I'm going to expand a bit on my cray point above, everything to do with performance today is about memory latency.
There is a certain class of problem where memory accesses are predictable enough that latency can be completely hidden (uses caches or overlapped DMA to local store or whatever), in these cases GPU like architectures, or SPE like architectures make a lot of sense. Computational density becomes suddenly important.
There are other classes of problem (the vast majority of them) where it is difficult or impossible to predict memory access patterns, this is where all of the R&D in x86 has gone in the past 15years, better caches, better ways to hide latency with OOO execution.
Whether you think Cell is a successful architecture largely revolves around how much of your application you believe can fit into the first paradigm and at what cost. I would argue it's increasingly less, and the parts that do make sense are as often as not as well or better suited to the GPGPU paradigm.
I think Cell is an interesting architecture, but it's overly mono-focussed.
My point with looking at Crays XMT above is that a company that up until recently made it's name on the number of sustained GFLOP's it could provide. Is now moving towards an architecture which is clearly designed to primarily hide the difficulties with memory access in large scale parallel systems over increased compute density. They're not doing that just to be different, they are trying to figure out how to run their clients software faster.
Now games aren't large scale numeric simulations. And Crays solution relies on having thousands of running threads to hide the latency which is a problem in itself.
But there are many ways to increase performance.
I'd like to add a bit to this.
GFLOPS have always been more about marketing than anything else, at least since the days just after CDC Cybers that Seymour Cray designed, when I got into computing.
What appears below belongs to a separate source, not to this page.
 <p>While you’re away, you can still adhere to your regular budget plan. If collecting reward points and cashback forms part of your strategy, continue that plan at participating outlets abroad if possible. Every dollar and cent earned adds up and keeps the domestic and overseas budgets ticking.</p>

Marketing, however, is important.
There are at least three groups involved in HPC. One is into national/institutional status. These apply for, and receive, funding for supercomputing projects. Then there's the folks that are interested in computational science and computer architecture as a discipline in its own right. And then there is the group who use high performance computers to work on problems that need to be worked on wherever they may be found - meteorology, chemistry, et cetera. I belong to the last group, and this is the group that is typically referred to when the supercomputer projects are to be justified, whether to the public, or to politicians.
I came back to B3D because I was curious about what eventually turned out to be the BBE (I don't like to call it Cell, it goes against the original paper). At the time we were wrestling with clusters, and I was very curious what the result would be if IBM was to produce a new CPU architecture aimed at media processing rather than being an extension of an ancient design originally aimed at clerical byte manipulation. By and large I liked it, but could never use it, due to a number of factors that made it impractical. If IBM had been more evangelizing and given it a believable roadmap that they demonstrated that they would follow, maybe we would have looked at it more seriously. I don't know enough about game code to say if it does a good job at what it was eventually tasked with.
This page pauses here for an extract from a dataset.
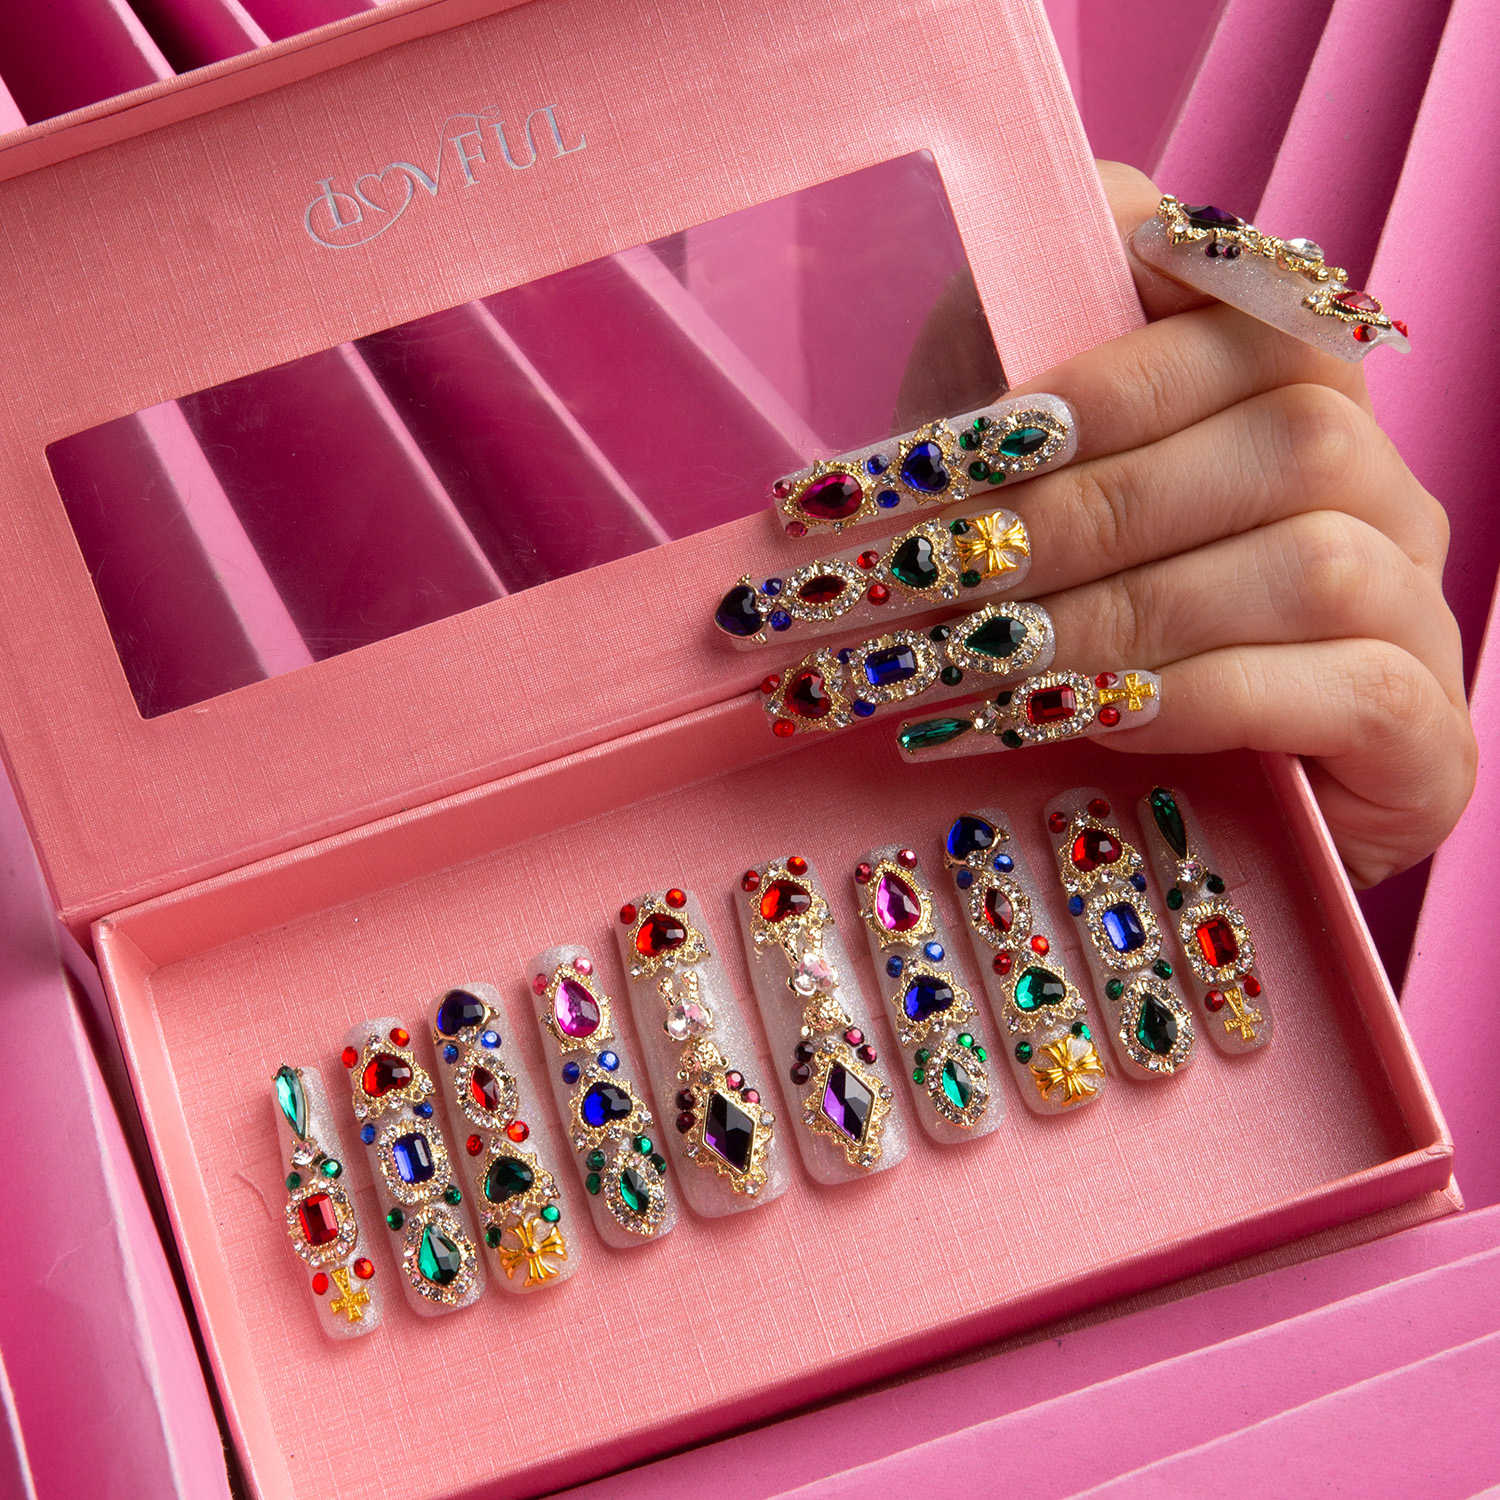 Hand wearing press-on nails adorned with colorful gems and glitter above a pink box containing a set of similar detailed and vibrant press-on nails.

(Incidentally, take a look at
this building block for building big iron IBM is showing at Hot Chips.)
Latency and bandwidth both, or put another way, interconnects and data paths, have been at the core of most high performance computing for a long time, but they don't make for good/easy marketing. GFLOPS does. Still. Note its presence at the IBM slide above.
My eyes however are drawn to the memory interface, and more tantalizing, the chip to chip networking, since those concern areas that has proven critical to most code we've wrestled with, bandwidth and communication.
This long ramble wants to come to a few conclusions. To judge the merits of an architecture, you have to look at its design goals and how well it fulfills them. To say if the BBE is "better" than its Prescott contemporary, or the Xenos, you'd have to decide what yardstick to measure with. Second, GFLOPS are cheap and easy, and have been for a very long time. The challenge lies in making the ALU power (easily) applicable to as wide a range of algorithms as possible. There will, however, be specific problems that are suited to just about any given configuration. These will be used in marketing. Third, HPC is a complex world, and filling a cabinet with GPUs really only addresses very particular aspects/niches. Fourth, if you want to evaluate an architecture, look at the data paths. What limitations do they impose and what does that imply for the tasks you are interested in. GFLOPS isn't a very useful metric, generally. Maybe for games it is. I wouldn't know. There are people here with far more familiarity with that application area. But I suspect that even there, that particular figure of merit is just too simplistic.